Our safety net designed to protect children and youth is failing, leading them to a life of homelessness.

I know how it feels to be a young person looking for security and a place to sleep. I had to navigate the streets of Los Angeles County without a stable place to call home.

I entered the California child welfare system at birth and spent my childhood in foster care. At 16, I found myself in youth unemployment shelter in Hollywood. My story took me from sleeping on the streets, bouncing from place to place to even riding the subway from Santa Monica to Whittier to find a safe place to rest.

By the grace of God and a school counselor, I moved from sleeping rough to possibly attending college. This helping hand is why I have been advocating for the past 20 years to prevent, address and end youth homelessness, because today thousands of children and youth experience the same lack of a safety net.

Too many children are sleeping in cars, on rooftops, in empty buildings, couch surfing with strangers, or cycling through shelters built for adults. Our social service systems are failing to protect our young people and failing to prepare them for success once they age out of the foster care system.

We need to build a system that provides healing to overcome homelessness. Otherwise, through our inaction, we are building an endless pipeline to chronic homelessness for young people, especially those already in care systems or who are homeless.

Data shows that 50% of the chronically homeless population had their first experience of homelessness when they were young.
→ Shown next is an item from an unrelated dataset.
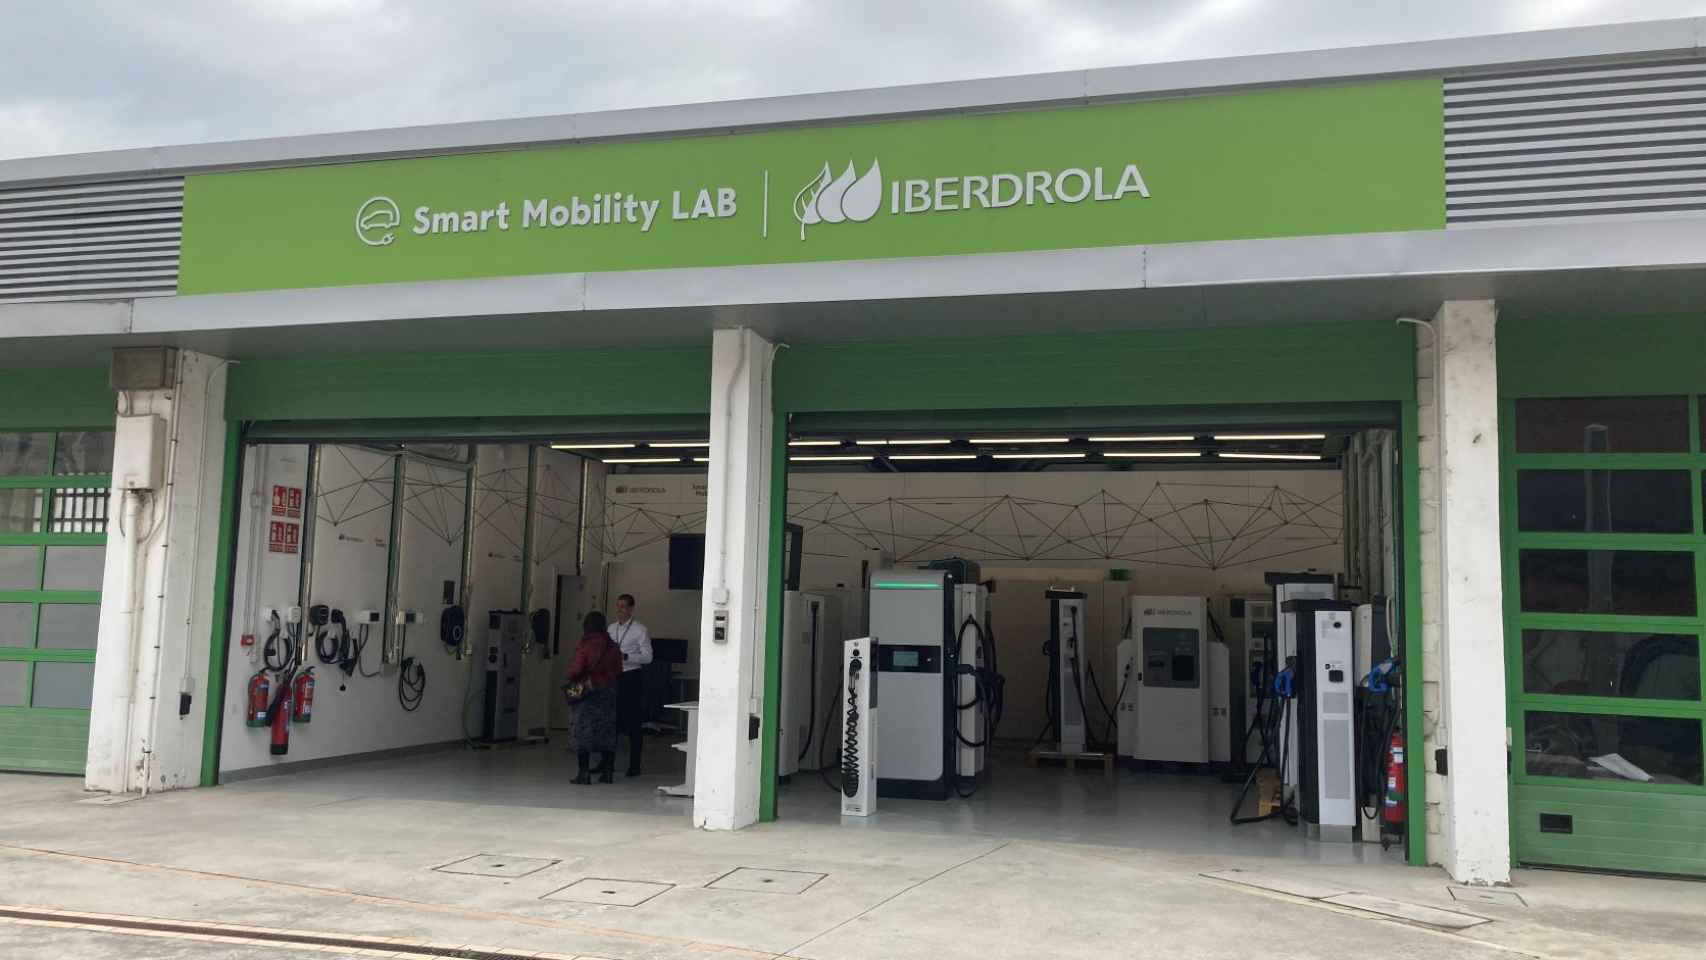 El laboratorio Smart Mobility Lab de Iberdrola en las instalaciones de Larraskitu, en Bilbao.
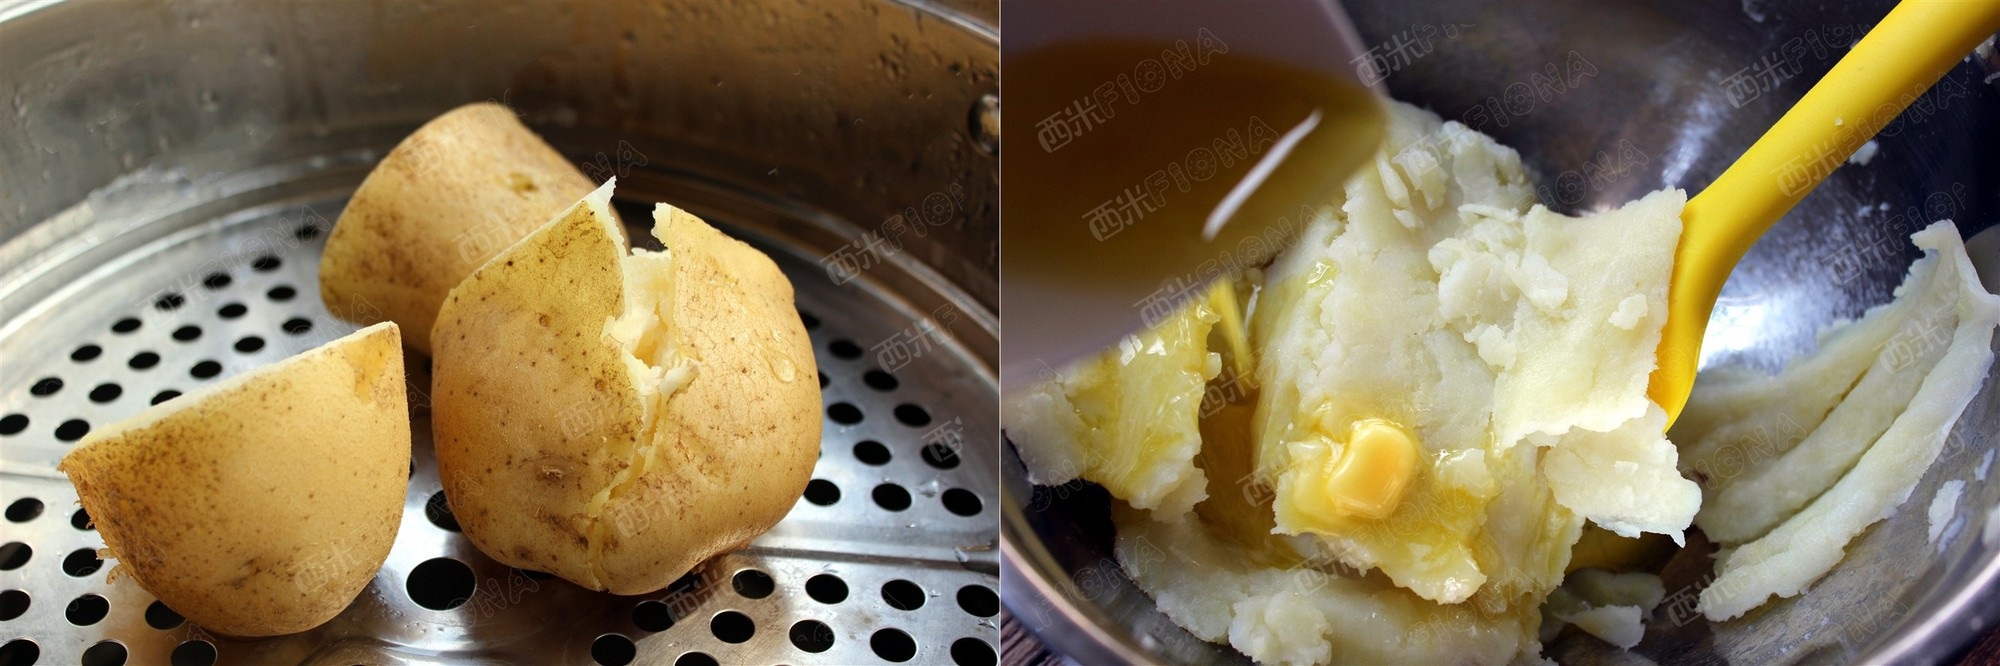 Chẳng cần lò nướng vẫn làm được bánh khoai tây xốp giòn thơm ngon - Ảnh 1

Recent reports show that 49% of adults who have experienced homelessness in the City and County of San Francisco first experienced it under the age of 25. In Los Angeles County, 45% of homeless adults experienced it for the first time before age 25.

This nightmare and failed future for our children needs a bold decision to build and fund youth housing to show our children we care by giving them a safe and stable place to sleep every night.

That’s why the California Youth Coalition, the Alliance for Children’s Rights, Children Now and other child advocacy organizations support Senate Bill 492 to increase the availability of youth housing and break this line from youth homelessness to chronic, elderly homelessness.

SB 492, if approved, would increase housing stability and enhance the impact of California’s investments in youth housing by creating a dedicated funding source, the Youth Housing Bond Fund. The bond will pay for transitional housing where youth will have supportive services to help them build skills needed to transition to independence and self-sufficiency.

This would dramatically change the lives of many of California’s children.

Every community cares about its children. We support football teams and school trips. But are we supporting our most vulnerable young people?